Nils G. Walter is an American chemist who is the Francis S. Collins Collegiate Professor of Chemistry, Biophysics, and Biological Chemistry at the University of Michigan, Ann Arbor. Research in the Nils Walter Lab focuses on non-coding RNA through the lens of single molecule techniques. He is the Founding Director of the Single Molecule Analysis in real-Time (SMART) Center at Michigan. In addition, Walter is the Founding Co-director for the University of Michigan Center for RNA Biomedicine whose mission is to enrich the university's intellectual and training environment around RNA Biomedicine. He served as associate director for the Michigan Post-baccalaureate Research Education Program (PREP) from 2015 to 2025.
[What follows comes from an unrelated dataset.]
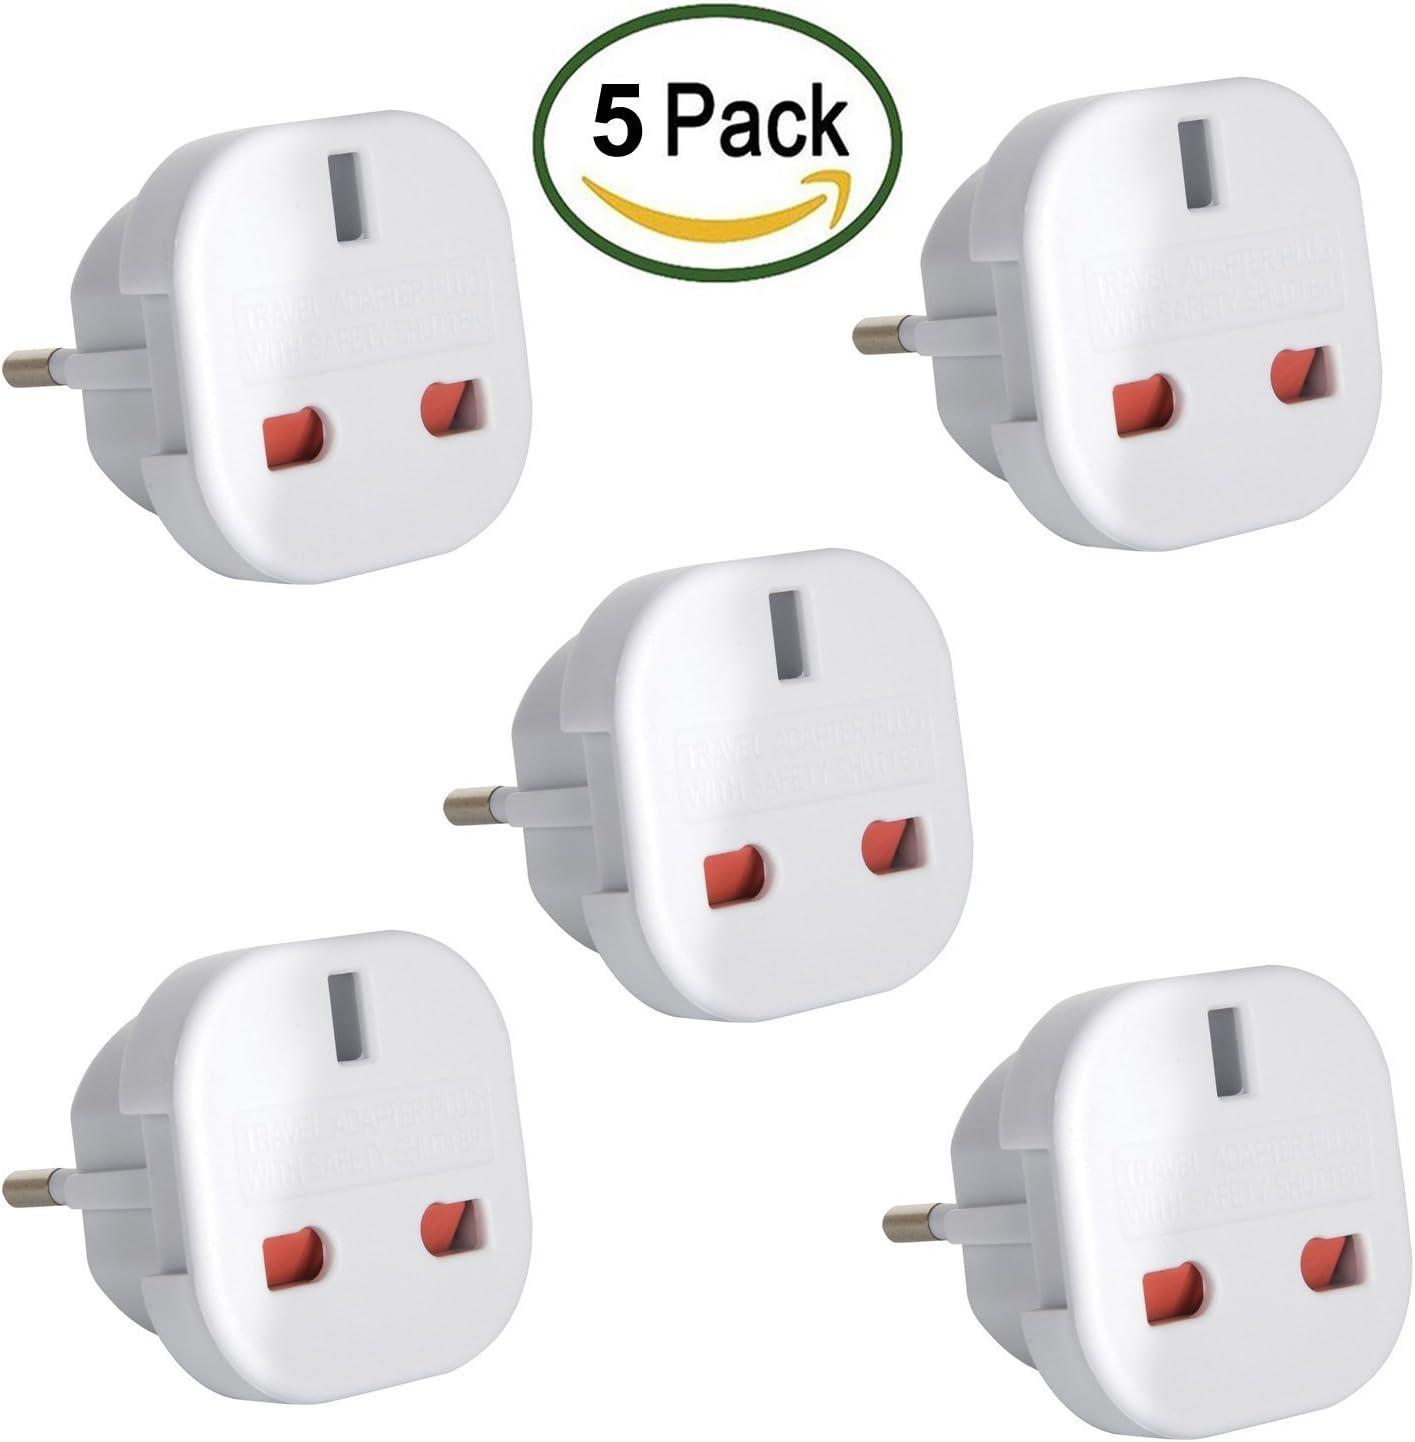 Travel Adapter UK to EU Euro European adapter White Plug 2 Pin Pack of 5

== Education and early life ==
Nils G. Walter was born in 1966 in Frankfurt am Main, Germany. He received his “Vordiplom” (B.S.) and “Diploma” (Masters) from the Technical University of Darmstadt after performing research with Hans-Günther Gassen on the physicochemical characterization of a protein dehydrogenase enzyme. He is a Dr. Ing. (PhD) graduate from the Technical University of Darmstadt and the Max-Planck-Institute for Biophysical Chemistry where he studied molecular in vitro evolution of DNA and RNA using fluorescence techniques with Nobel laureate Manfred Eigen. For his postdoctoral studies, he turned to RNA enzymes under the guidance of John M. Burke at the University of Vermont.

== Career ==
The Nils Walter Lab studies both non-coding RNA and protein-coding RNAs, and how the former control the gene expression of the latter, using tools from biophysics, biochemistry, cell biology, molecular biology and chemical biology. Most prominently, the lab uses leading-edge single molecule and super-resolution microscopy and single-molecule FRET approaches to probe the diverse functional mechanisms of transcriptional and translational riboswitches, the spliceosome, the RNA silencing and RNA interference machinery, ribozymes, as well as devices from DNA nanotechnology, in vitro and in live cells.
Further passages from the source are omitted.